Sunday, September 5, 2010

Recipe: Individual Chocolate Cream Pies

I have to say that so far this recipe has been the most photogenic, hahaha.

So, what do I have to say about this creation? Well, I definitely liked it. Although, I think I enjoyed making it more than eating it (I don't really like graham cracker crust), however, that's not to say that these little guys aren't delicious because they are! The chocolate filling is amazing...light, fluffy, and a perfect dessert after a heavy meal (mom made lasagna for labor day!). A strong cup of coffee is the perfect complement.

The pros to making this are the following: they are extremely fast to make (10-15 minutes max- truly!), no actual cooking (it's just a bunch of blending and whipping), EXTREMELY easy clean-up, and it has the potential for A LOT of variation.

The cons? It's not really a con so much as just something to keep in mind- you have to refrigerate them for a bit before serving so the mousse sets. Otherwise, the filling gets a little runny. Other than that, though, no complaints from me!!

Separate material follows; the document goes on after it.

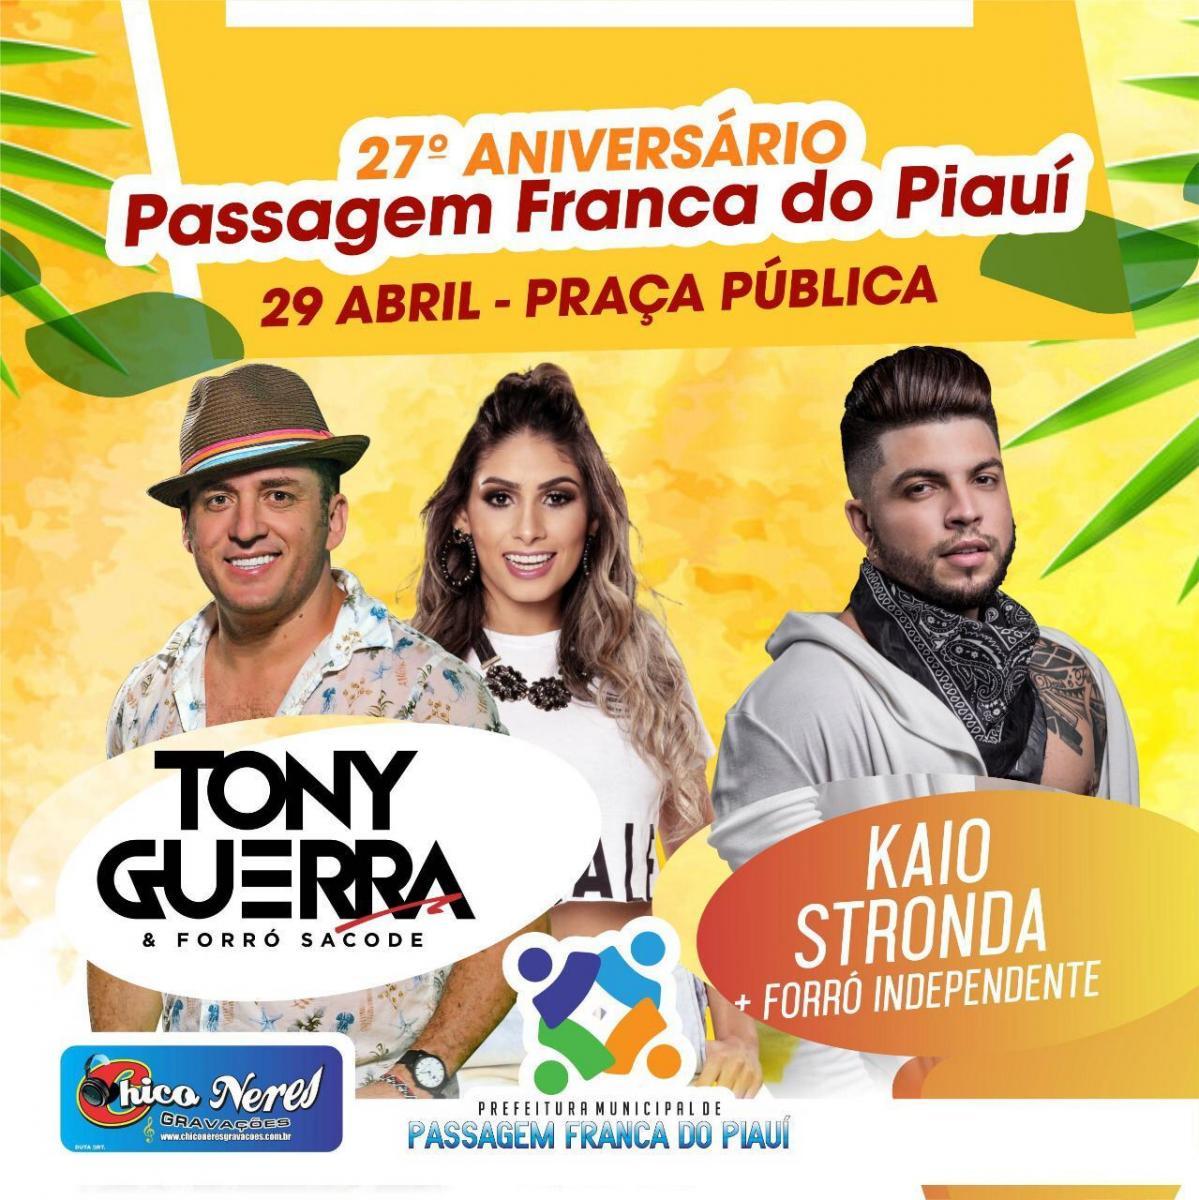 Prefeitura de Passagem Franca comemora aniversário de 27 anos com show de Tony Guerra e Forró Sacode

Occasion? If you're truly ambitious, you can prepare these for a small party. Warning though- the recipe only makes 6 at a time, so if you're going to make them for a lot of people, prepare to be by the mixer for awhile. As I stated before, they would be great after a large meal. They also have the potential to be the dessert for a couples dinner. If you garnish them right (strawberries/raspberries on top with whipped cream maybe?) they can be kind of romantic.

And now for the recipe (from Hershey's Fabulous Desserts-1989):

Individual Chocolate Cream Pies

1 1/2 ounces (1/2 of 3-ounce package) cream cheese, softened
6 tablespoons sugar
1/2 teaspoon vanilla extract
2 1/2 tablespoons Hershey's Cocoa
2 1/2 tablespoons milk
1 cup chilled whipping cream (also called heavy cream)
6 (4-ounce package) single serve graham crusts
Whipped Topping (optional)
Hershey's mini chips semi-sweet chocolate (optional)

In small mixer bowl beat cream cheese, sugar and vanilla until well blended. Add cocoa alternately with milk, beating until smooth. In separate bowl beat whipping cream until stiff; fold into chocolate mixture. Spoon into crusts. Cover; chill until set. Garnish with whipped topping and mini chips.


That's everything!

A couple of things I did differently here though: I didn't include the mini chips in my garnish, and instead of using a small bowl to beat the cream cheese, sugar and vanilla, I used a large bowl. It was a little difficult, but it still got the job done. Also, when you buy the cream cheese, they do have 3-ounce cream cheese blocks. They are considerably smaller than the regular rectangle that you get. These are shaped in a square. Just make sure you look at the package to see what you're getting.